Была глубокая полночь, когда вернулась Прасковья в свои хоромы; нежно обняла она ненаглядную свою внучку Аннушку и мирно опочила от трудов.
Вознаградил ли себя за труды водкообливатель и свечеобжигатель Карлус оставшейся полбутылкой пенника — из подлинного дела не видно[131].
VIII. В ожидании царского приезда
3 октября 1722 г. исполнительный каптенармус Бобровский, по долгу службы, вошел с обстоятельным рапортом о всем случившемся к начальству Тайной канцелярии[132].
Бобровский ничего не утаил, передал все мелочи трагического события, но героиню его, всемилостивейшую старушку, называл в рапорте не иначе как «благовернейшей государыней»…
В тот же день, в полдень, генерал-прокурор прислал Деревнина назад в казенки Тайной канцелярии.
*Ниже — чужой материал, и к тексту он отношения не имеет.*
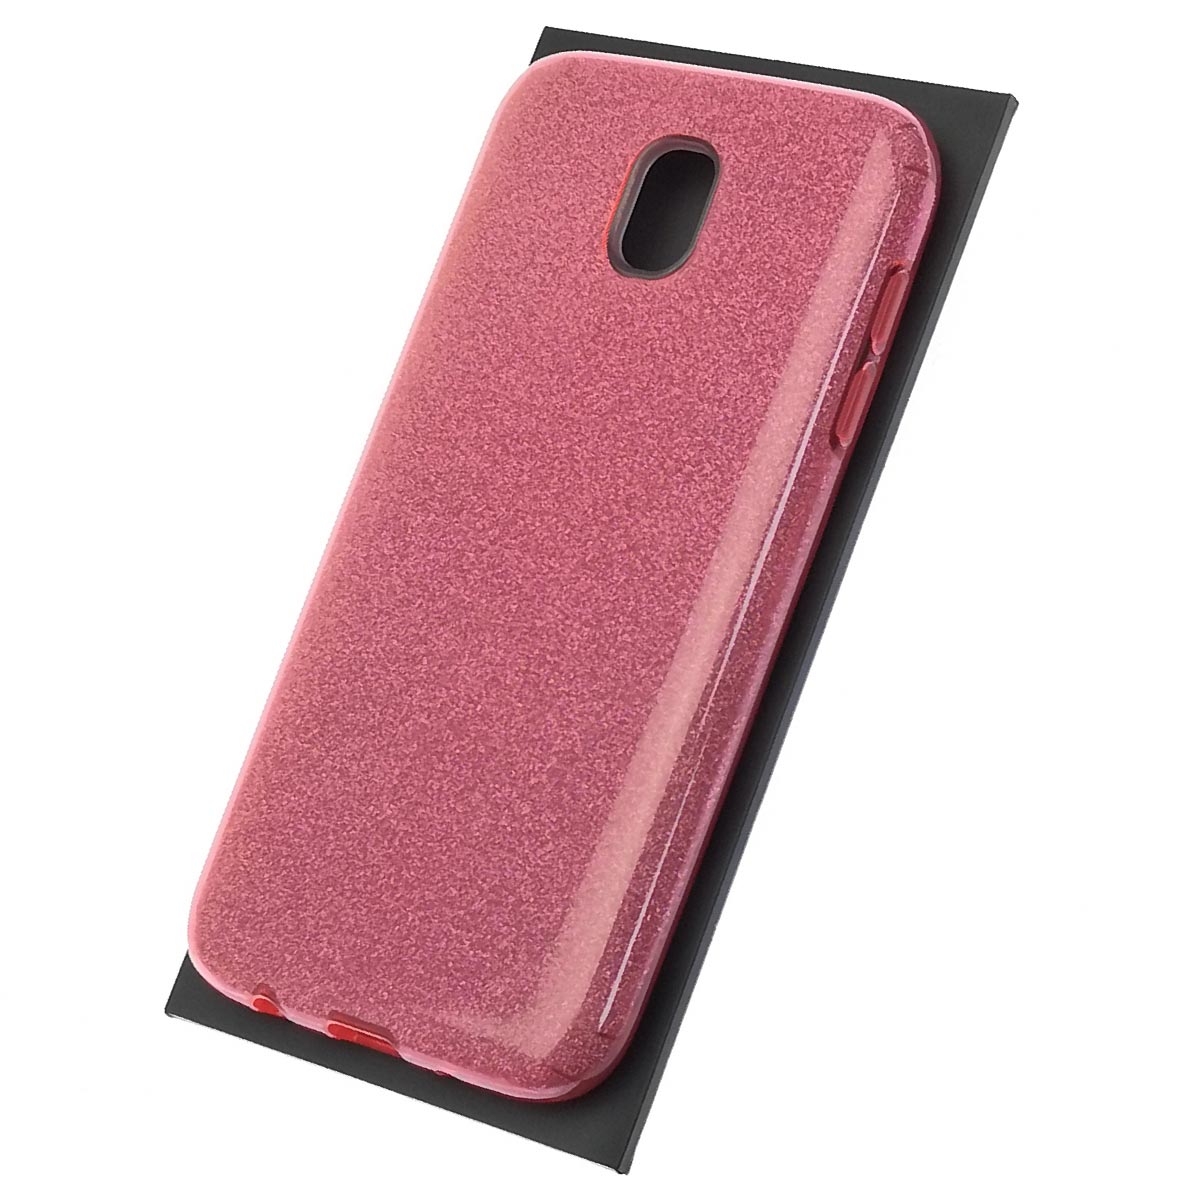 Чехол накладка для SAMSUNG Galaxy J5 2017 (SM-J530), силикон, блестки, цвет розовый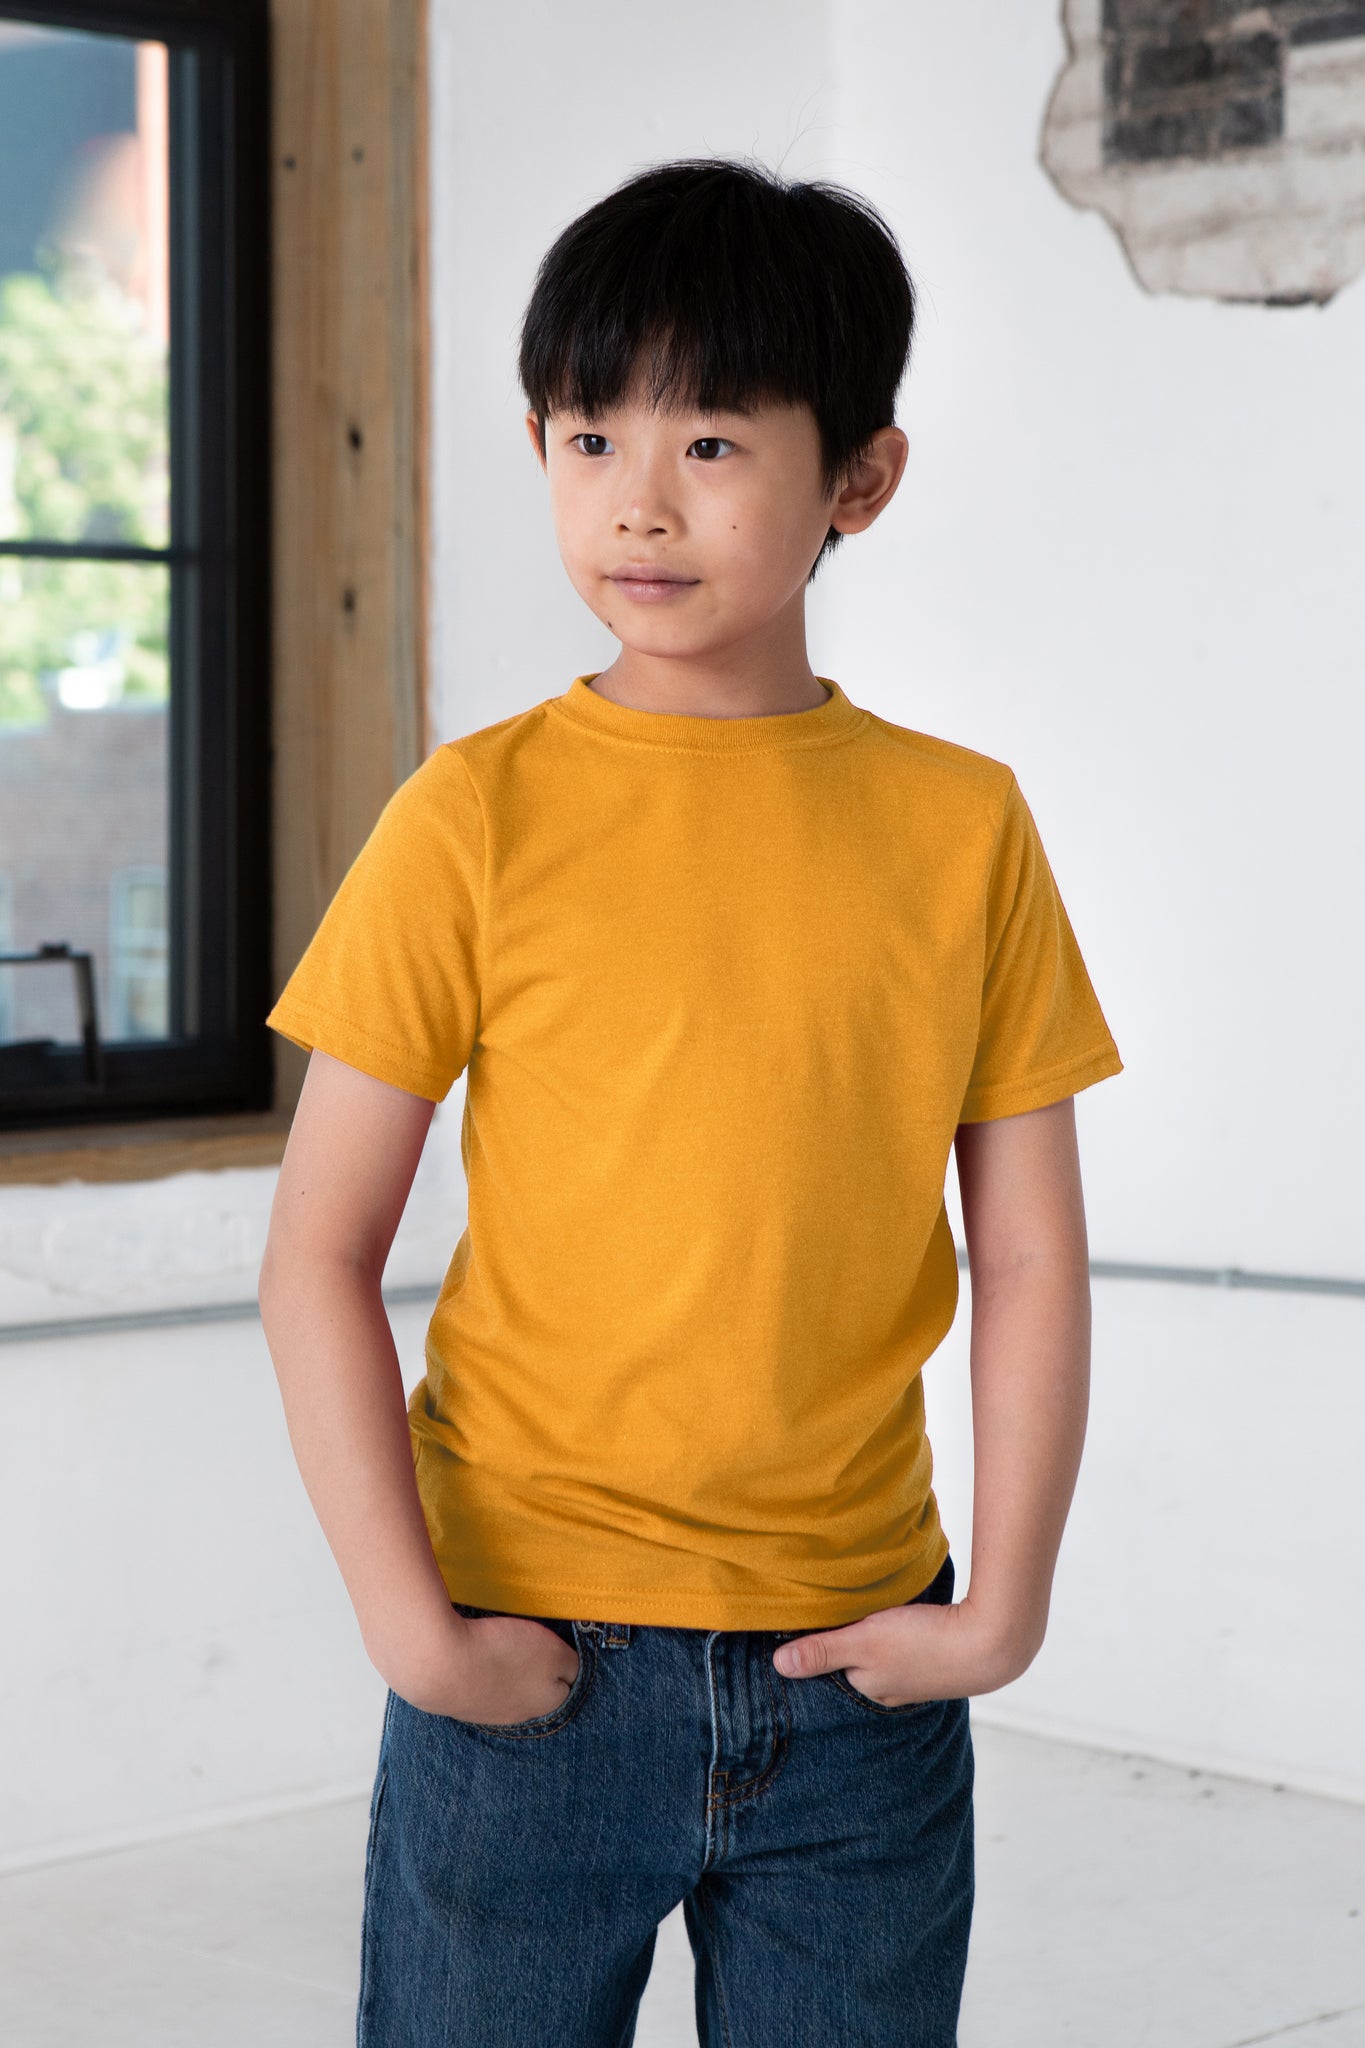 Boy Model wearing GOEX Youth Cotton Tee in Marigold

Попечительное начальство ее, накануне столь любезно предоставившее старушке потешиться, ныне вступило в свои обязанности: на Деревнине приказано: «Бой и жжение описать и лечить его из аптеки». Опись коротко, но довольно красноречиво повествует о том, как соизволила гневаться царственная старушка. «Голова Деревнина, — так оказалось по осмотру, — избита во многих местах и обожжена местами; также и по носу, и по лицу, и под глазами избито и обожжено, и почернело и опухло, за которою опухолью не знать и глаз. А руки по запястья обожжены же; на груди против сердца избито и местами красно».